What you will do: Return all the lines below exactly as written. Drop every picture.

Information shown:
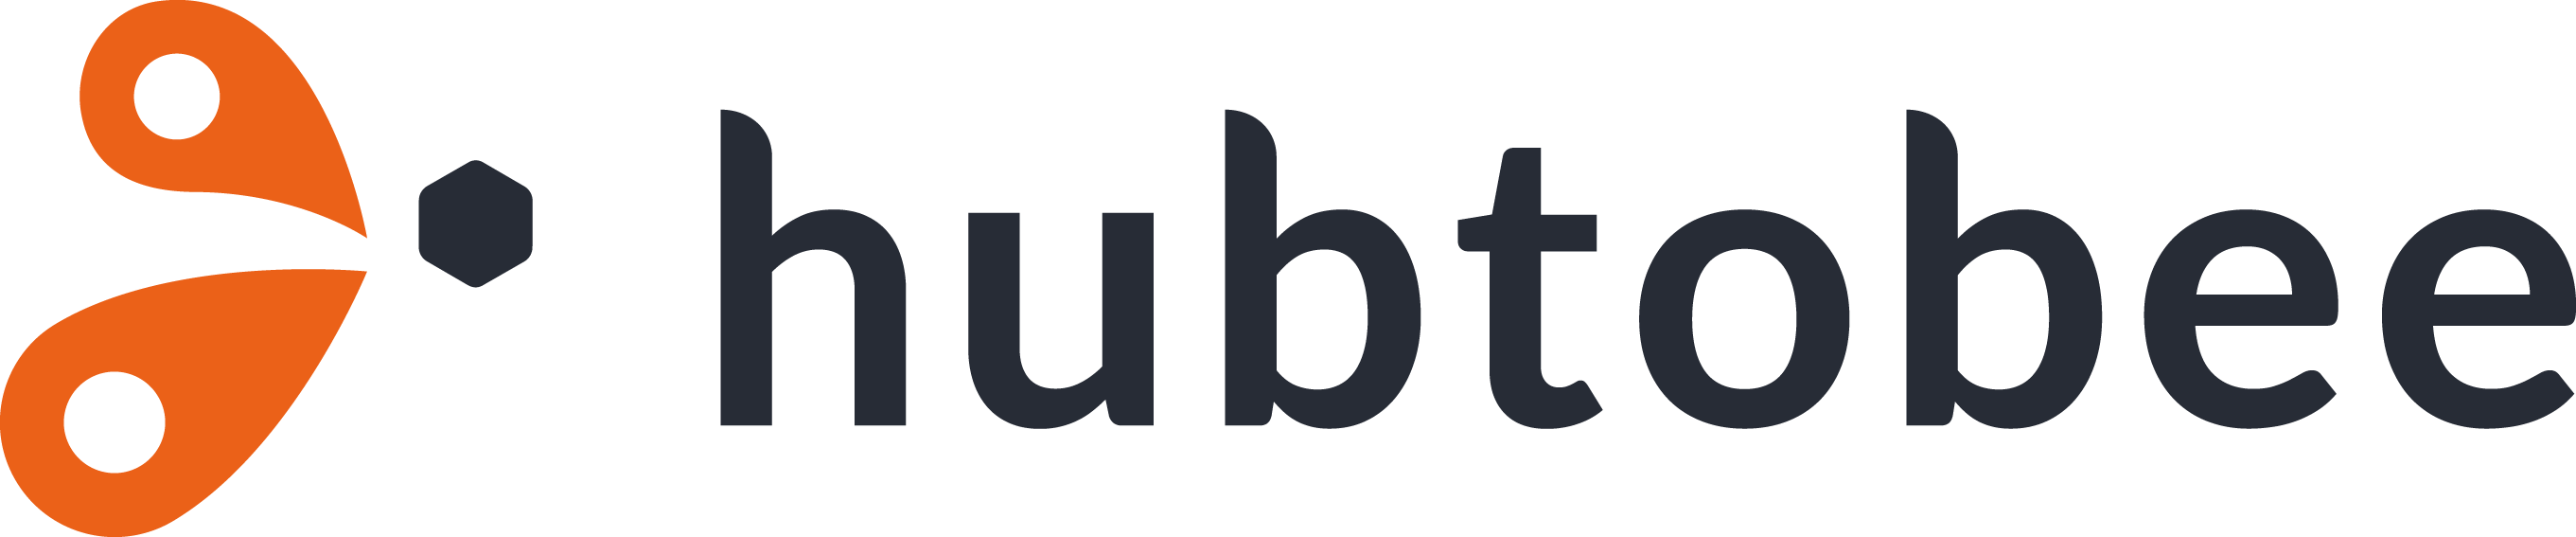 Logo hubtobee
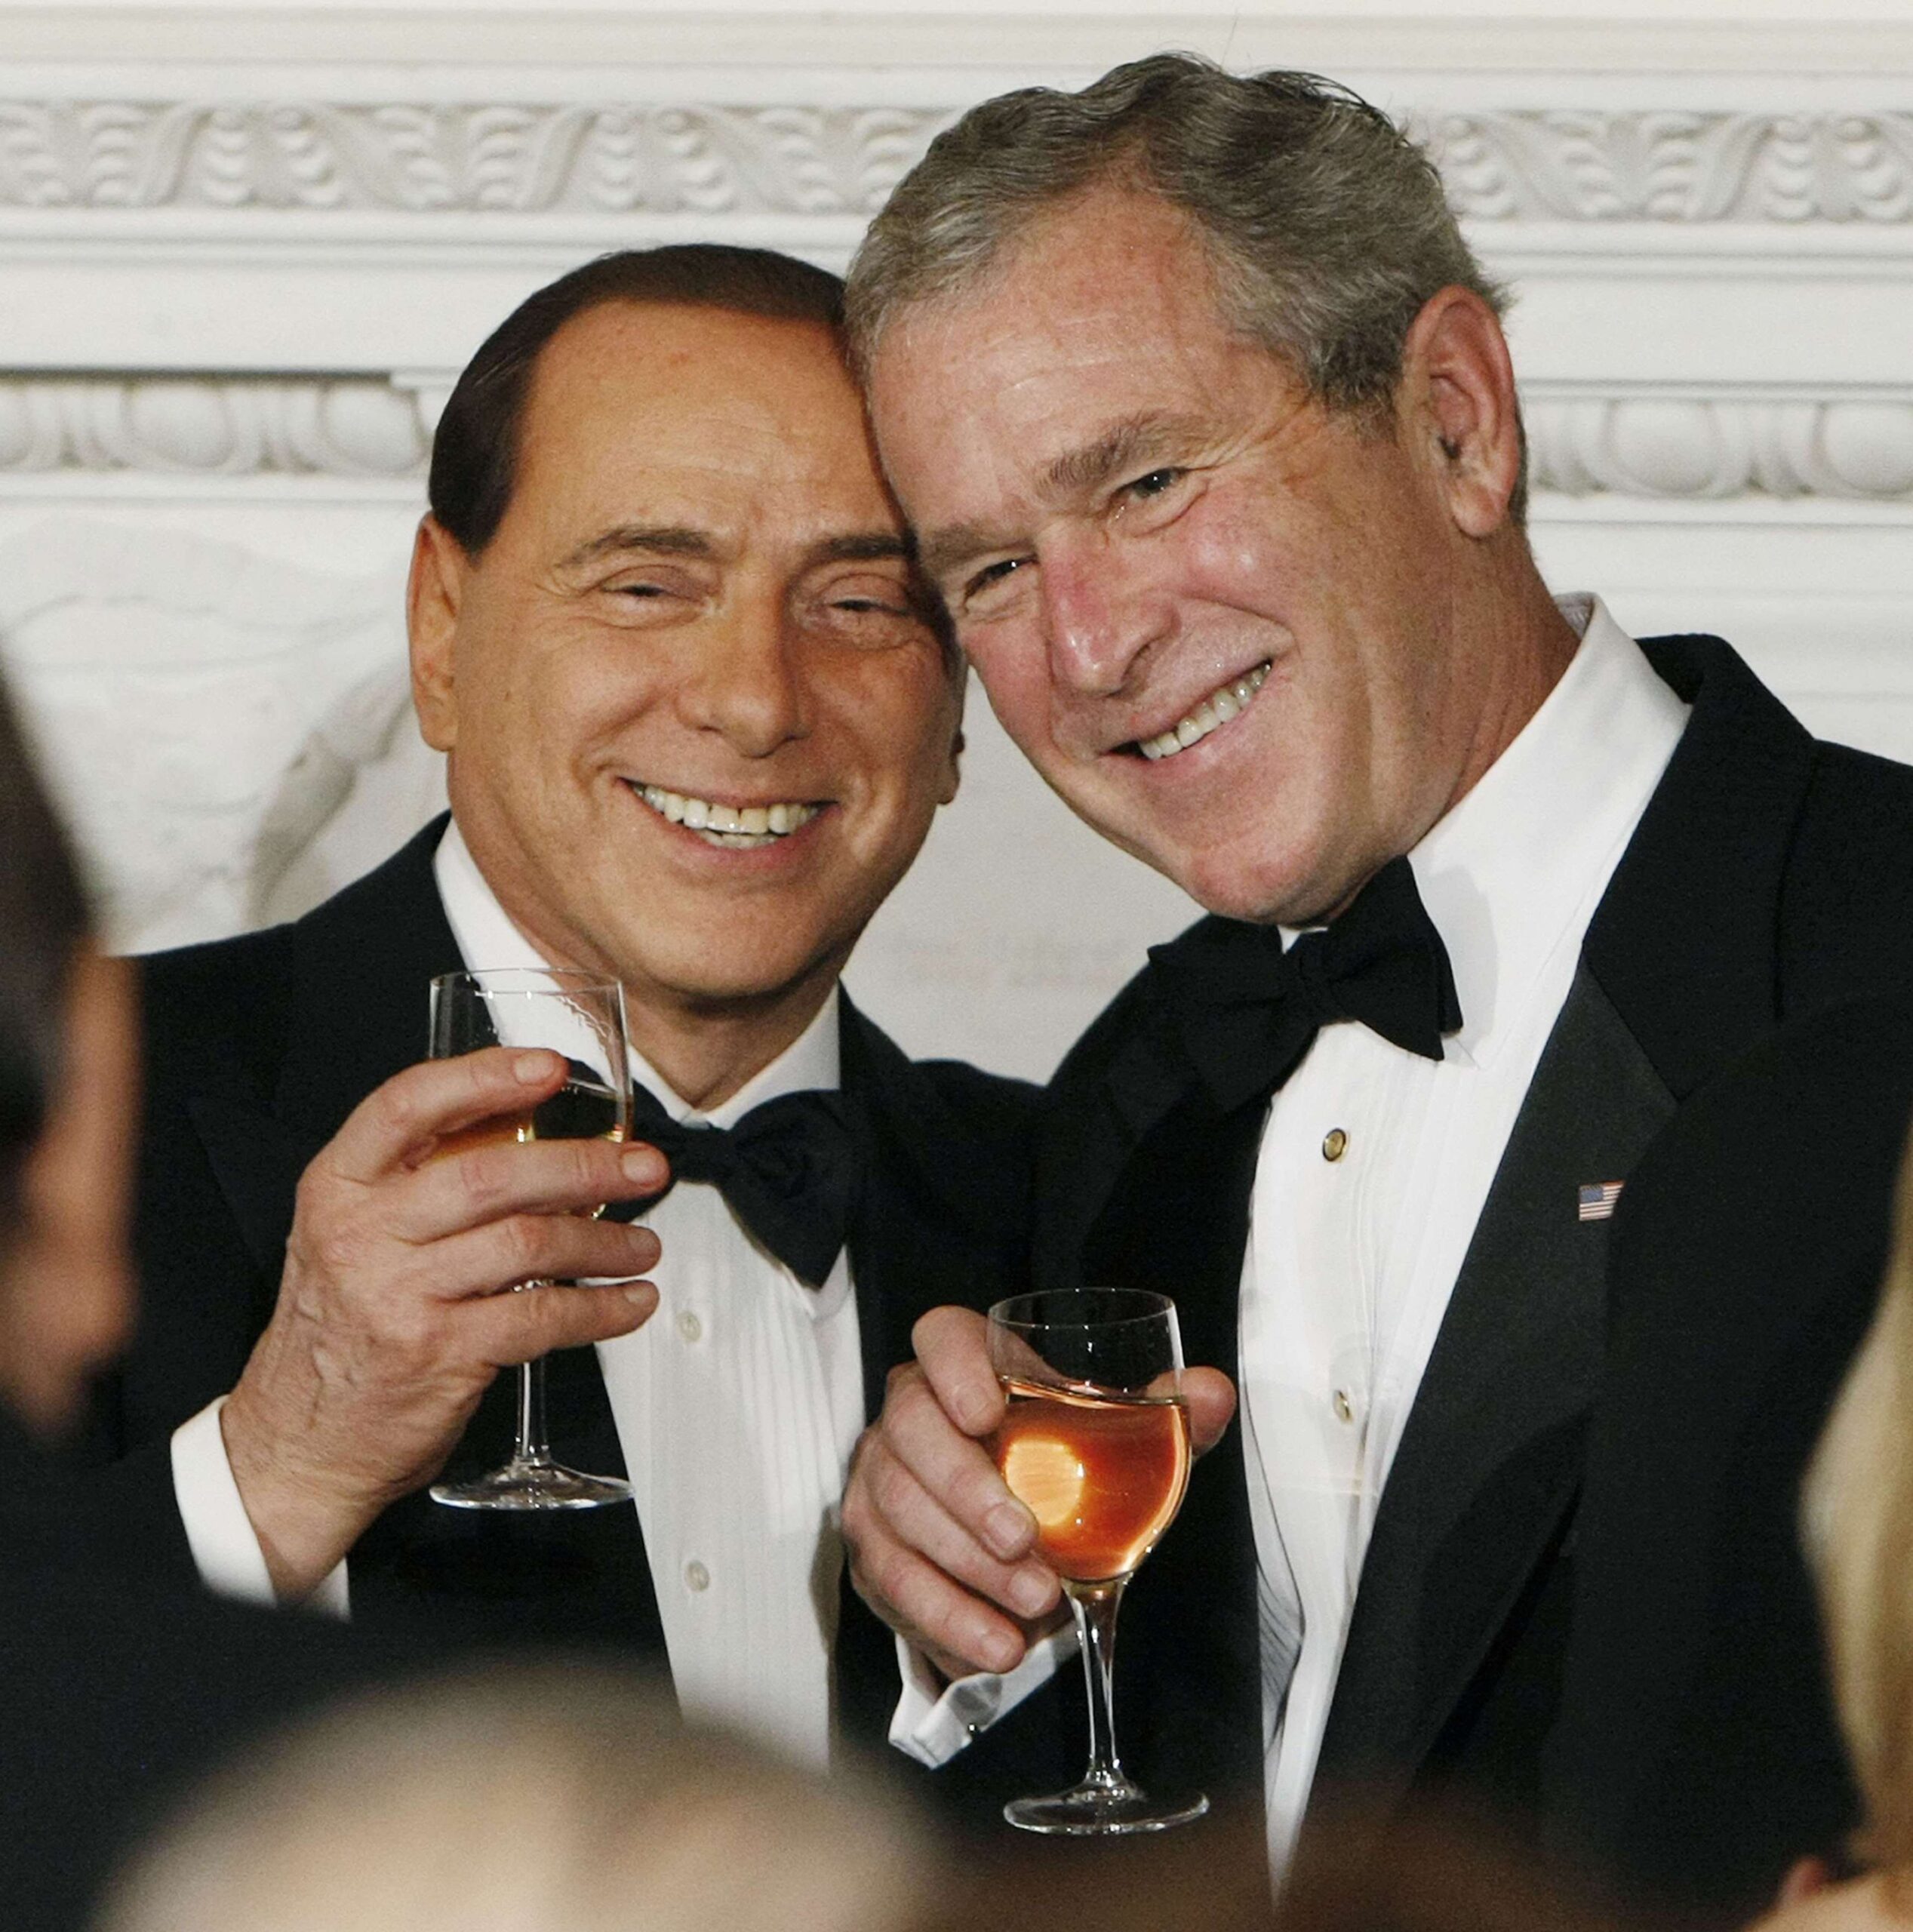 Lundi 13 octobre 2008 - le président George Bush, à droite, porte un toast avec le premier ministre italien Silvio Berlusconi lors d'un dîner officiel dans la salle à manger de l'État à Washington. © Pablo Martinez Monsivais/AP/SIPA
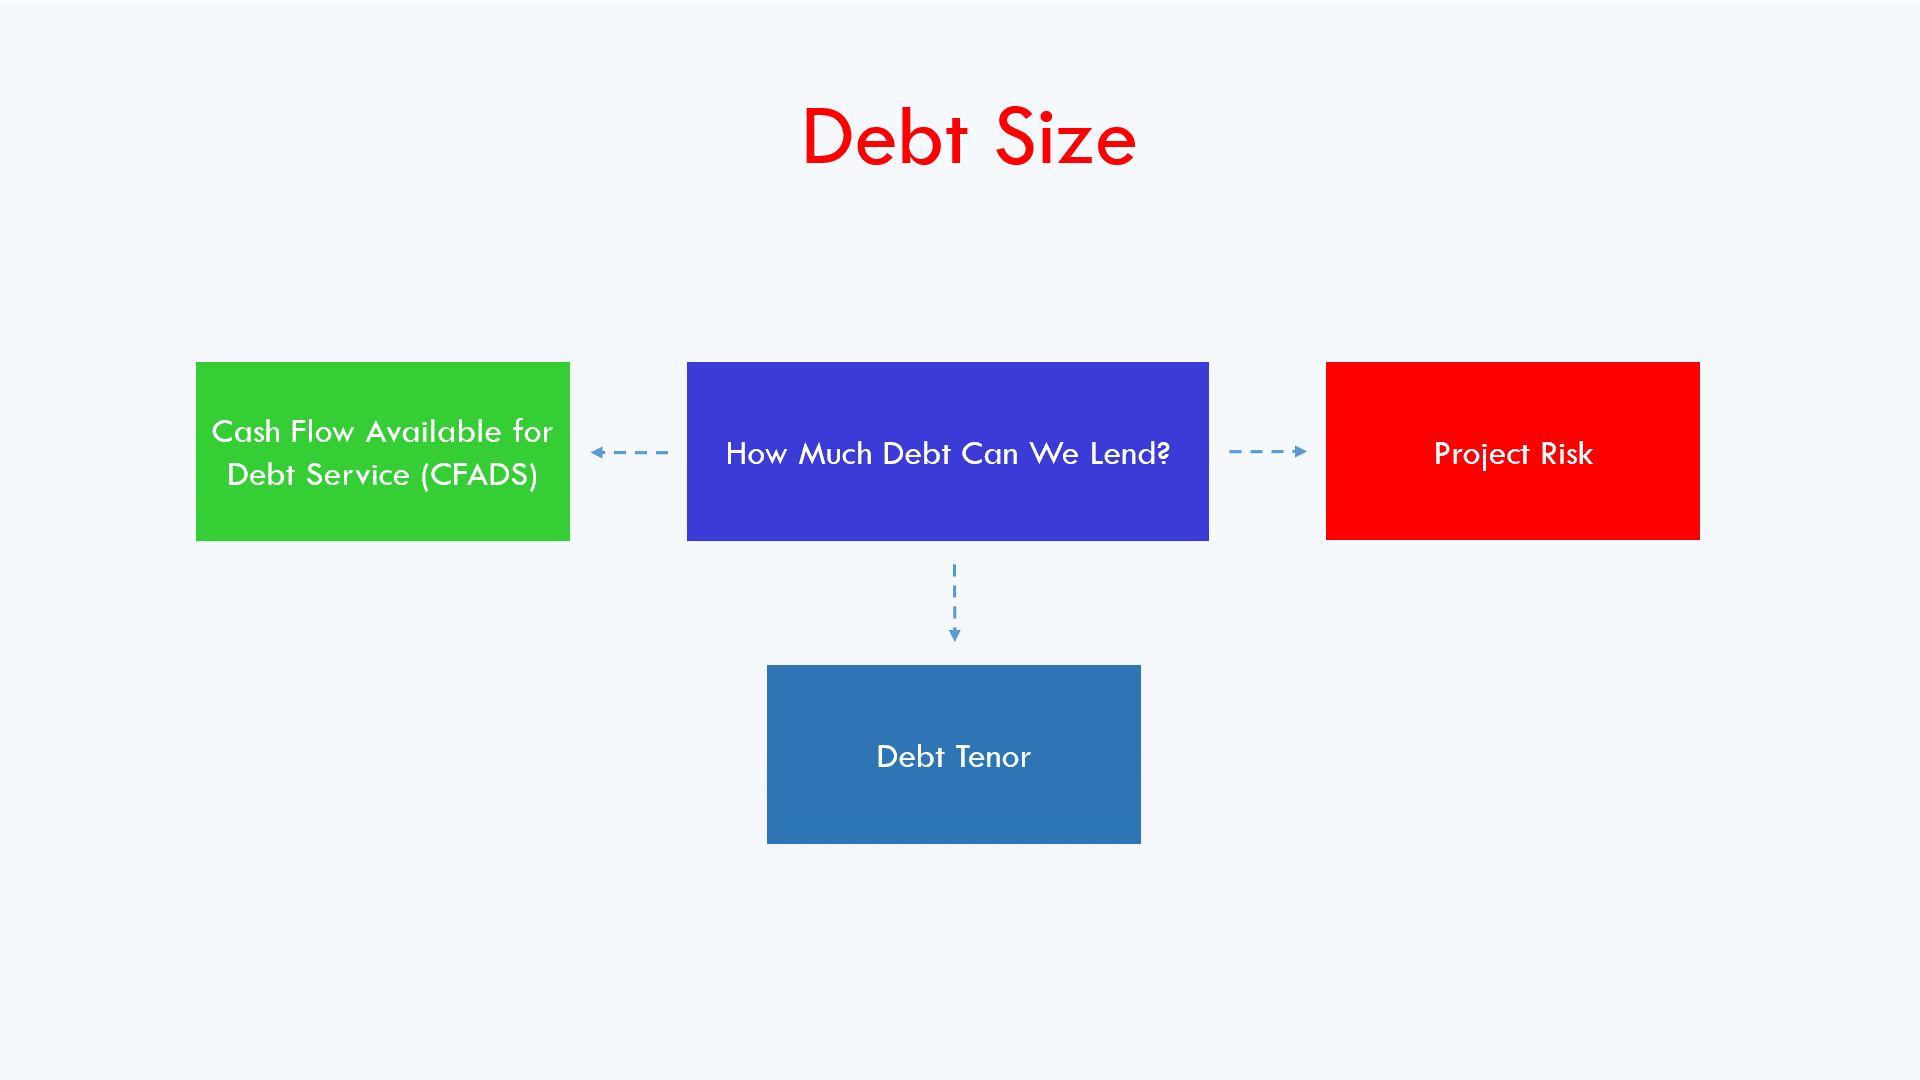 Debt sizing

Output:
 Logo hubtobee
 Lundi 13 octobre 2008 - le président George Bush, à droite, porte un toast avec le premier ministre italien Silvio Berlusconi lors d'un dîner officiel dans la salle à manger de l'État à Washington. © Pablo Martinez Monsivais/AP/SIPA
 Debt sizing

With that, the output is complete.